Tuesday 18 May 2010



This animation uses lattice deformation on the rectangle and simple rotation keyframes on the cylinders. It looked hard to do at first but once I understood the way the lattice deformation worked it became quite easy. The only thing is I animated the cylinders in the wrong direction...



I got the hang of particles pretty quickly. The only problem with this one was the age of Neil Hirsigs tutorial on particles, parenting an object to another object does not make the parent the emitter for some reason due to my copy of Blender being a more recent version.

Tuesday 9 March 2010



I've had these sitting about for a week, its not that I dont love you blog its just I've been busy ;___;

Anyways getting back on course, I followed the tutorials for keyframes and timelines in Blender. It doesnt seem too hard to get to grips with so far. The main thing is remembering to keyframe after moving an object



This is another play around with the keyframe tool, this time with jumping shapes that squash and stretch to give a feeling of weight to the objects

Tuesday 10 November 2009

Glow



Bit of a late night breakthrough - figured seeing as the assignment is a bar, a common thing in bars is light objects of glowing objects to add to design of bar and also shed a little light to darkened surroundings. But...how do you make objects glow in Blender?

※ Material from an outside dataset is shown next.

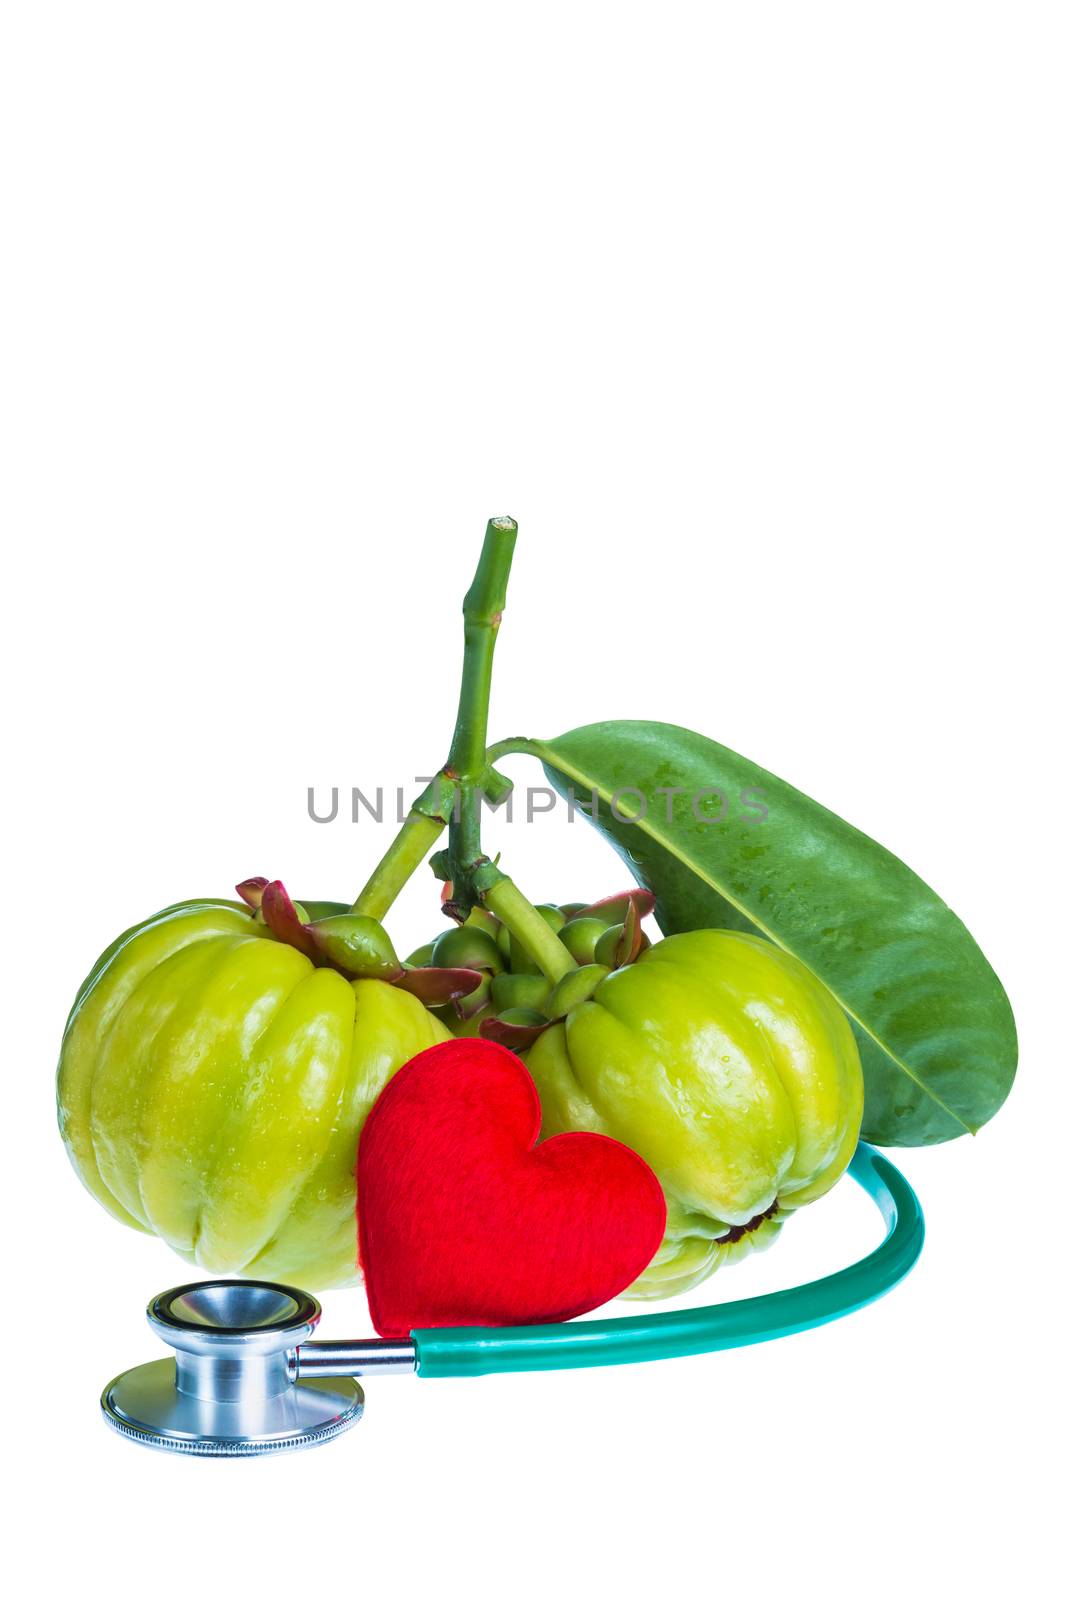 Still life garcinia atroviridis fresh fruit, red heart-shaped and stethoscope. Isolated on white background. Thai herb and sour flavor lots of vitamin C for good health. Extract as a weight loss product.

Thankfully someone else had the same idea and made a lovely easy to follow tutorial. Be warned however, this particular model takes a bit of rendering time, but the finished product looks lovely~

Materials

A bit of UV mapping using a tutorial : [link here]

I made an Icosphere and then selected the middle and made a split (Ctrl-E -> Mark Seam) then went into UV/Image Editor and loaded the earth image. I then unwrapped (select all - U key) the mesh and scaled and resized it so it fit the image. Then I made a material and selected texmap to make the mapped image render. To finish off I smoothed the sphere and subsurfed then added stars on the world option

Going back to something simpler - I made a plane to make a floor then a sphere slightly suspended and put a spotlight in with a halo with a red coloured light

I made a room with planes then seeked out a checker board texture. Once that was applied I then added various spotlights in different colours and positioned them in various areas

Lastly some material experiment - including wireframe, alpha (transparency), light reflection and texture presets.

Thursday 5 November 2009

BONUS STAGE


Bit overdue this particular update - should of been done a bit sooner but I'll catch up soon I swear! (I am a perfectionist and I wont say anything is finished unless I think its good enough - a blessing and a curse in many ways!).

These renders are brought to you today by the Bezier Curve Tool and the Extrude option. Bevel Object also helped

Oh Hello Kitty

Using what I've learned so far I made a model of Hello Kitty. It turned out pretty good but my skills still need work.

I used UV and Ico Spheres and Proportional editing. I used simple colours but should get around to learning how to use materials sometime this week (as it didnt go so well with the banana this week

Thursday 29 October 2009

Fruit Candy


Been playing with Icospheres to make apples. I made the apple then gave it dips and bumps before subdividing and subsurfing. I then made the stalk of the apple using a beizer curve and extrude. I edited each apple to make them look unique

For the plate I made a cube, deleted most of it then made extra vertices in a line, I then span that line in repeat 360 steps to make a full plate. Using the special double removal option to clean up, I then extruded the plate up to give it some depth


The banana was created separate to avoid risk of effecting the apples or plate, I used a background image for reference and started with a box to practice Box-Modelling. I extruded and shaped the segments till it the entire shape was made, I then smoothed and subsurfed it and scaled it using Y-axis

I had a problem with the texture, I wanted it to map to an image but this simply wasn't happening, may try again sometime once I have better knowledge of textures so I used just part of a banana for texture.

It makes the banana look more like candy than a real banana but at least it looks like something! I then opened the fruitbowl file and used append to move the banana into the file (for future note - for appending, import the Object not the Mesh!)

Volia the finished model: Looks sweet enough, realism didnt quite win this time but the battle shall continue!